(Granby) The Miner woodlands contain a rich flora and fauna diversity, reveal the inventories established two years ago by teams Granby Zoo accompanied by specialists. Measures will be put in place to ensure their sustainability.
Amphibians, reptiles, mammals, bats, medium and large mammals, birds, trees and plants: all that breathes within the 100 hectares of the Nature Park of the city of Granby was identified. “Our goal was to acquire forested knowledge on how to protect them,” Patrick said Tuesday Paré, Director Conservation and Research at the Granby Zoo, presenting the results of many hours of research. “Woodlands must know before taking action to properly protect and develop them.”
First observation: woodlands are a very diverse community with their 267 different plant and animal species. The discovery of six species of salamanders (stained, dirt track, two-line, blue-spotted, four toes and dark North) on the ten present in Quebec adds to the good news. “Discovering these salamanders, it is the sign of a natural environment healthy,” illustrates the biologist.
The inventories have confirmed the presence of three species of snakes (striped, red-bellied and necklace). No turtles were discovered. The presence of three species of small mammals (large shrew, red-backed voles of Gapper and deer mouse), five bat species (big brown bat, northern, silver, ash and little brown bat) and ten means and large mammals (mink, deer, porcupine American gray squirrel and red, chipmunk, raccoon, skunk striped, red foxes and woodchucks) was confirmed.
The ornithologists Bird Watchers Club of Haute-Yamaska have identified 91 species of birds in the woods Miner, 41 are probably nesting.
144 plant species
The study of the immense Nature Park has determined that 144 species of trees, shrubs and plants grow there. Three large maple stands were delineated, as three large wasteland (grasslands), 40 wetlands (totaling 6.83 hectares), small stands of hemlock and pine forests as well as eight endangered species (wild garlic, fern-to- ostrich and butternut). Botanists have also discovered four invasive species, but they occupy only 0.5 hectares.
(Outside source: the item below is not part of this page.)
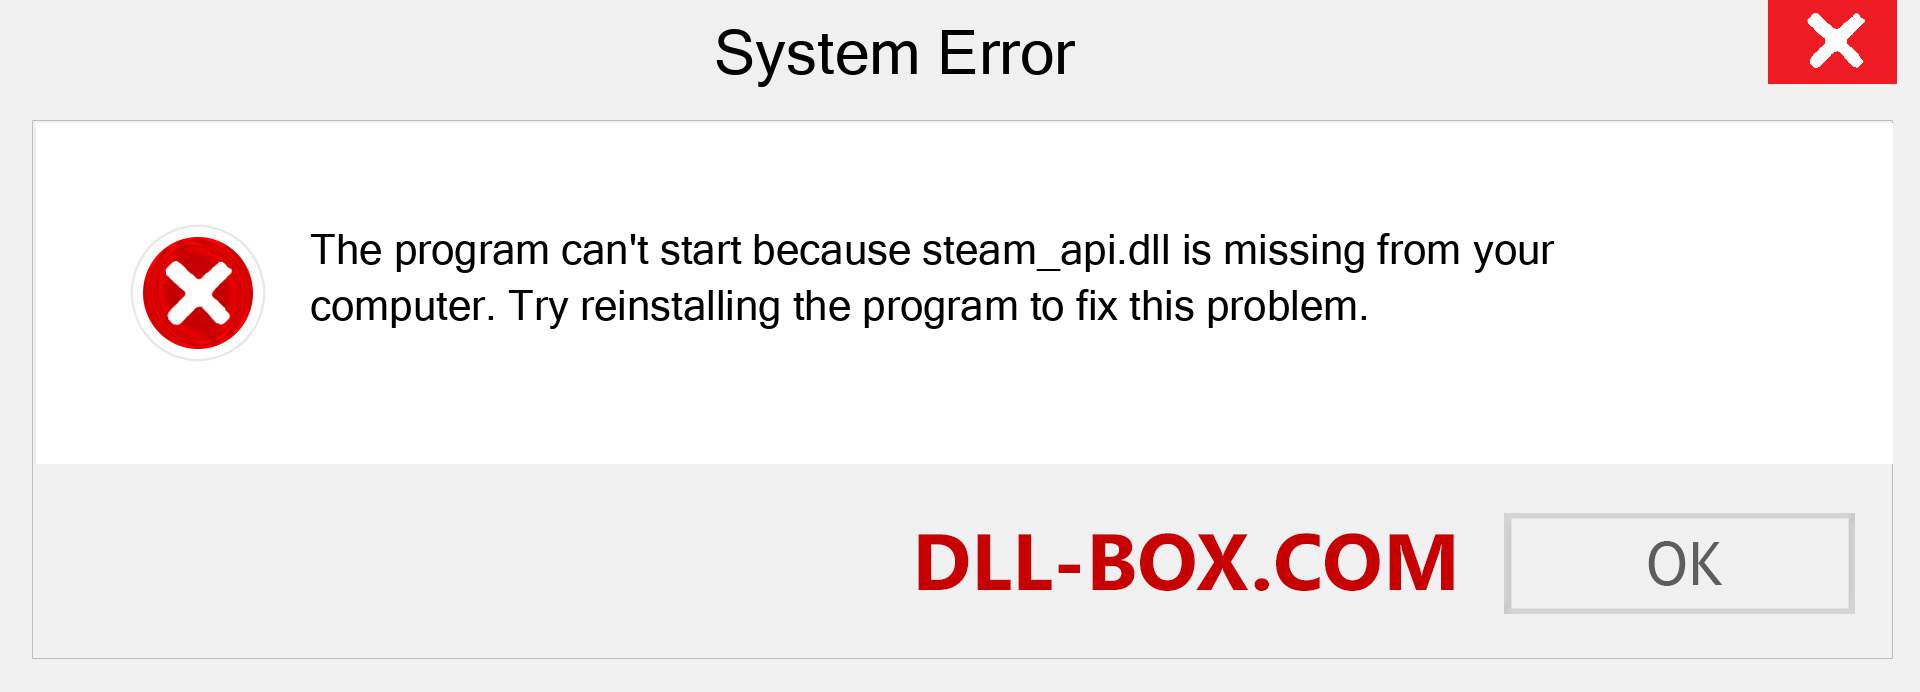  steam_api.dll file is missing?. Download for Windows 7, 8, 10 - Fix  steam_api dll Missing Error on Windows, photos, images

All in all, home to 267 species woodlands. Of these, 17 are considered at risk.
The second phase will focus on educating visitors and residents of woodlands that line. Interpretation panels will be installed in the park, a guide to good citizenship practices will be produced, the relevance of certain trails will be studied and bats in dormitories will be installed to help them through the winter. A popular activity is also in the pipeline to allow citizens to experience the night to cross the park.
The presence of dogs in the wooded Miner night wildlife, believes Patrick Paré, conservation and research director at the Granby Zoo.
It is clear, says Mr. Paré, that too many people are walking in the woods with their dog without using a leash. “Dogs are predators. They give off scents that wild animals feel and it stresses them. It is correct that dogs are allowed in the park. We love dogs. But more like when they are on a leash. And not long leash 20 feet, “he says.
Not to mention the problem of excrement that their owners do not pick. “It’s a real problem,” said the biologist.
In the recommendations of conservation and research team of the Zoo will submit to the City later this summer, we will discuss the issues raised by the dogs, said Mr. Paré.
A City’s pilot project allows their presence in the wooded Miner.
The final report of the Zoo also address the issue of stray cats, which are predators to several species of wildlife living there.
Finally, Mr. Pare team will recommend to order some side trails by conducting tree planting. The space for wildlife and flora found in enlarged, has he said. “If we want these animals are good, we must limit our presence,” said Patrick Paré.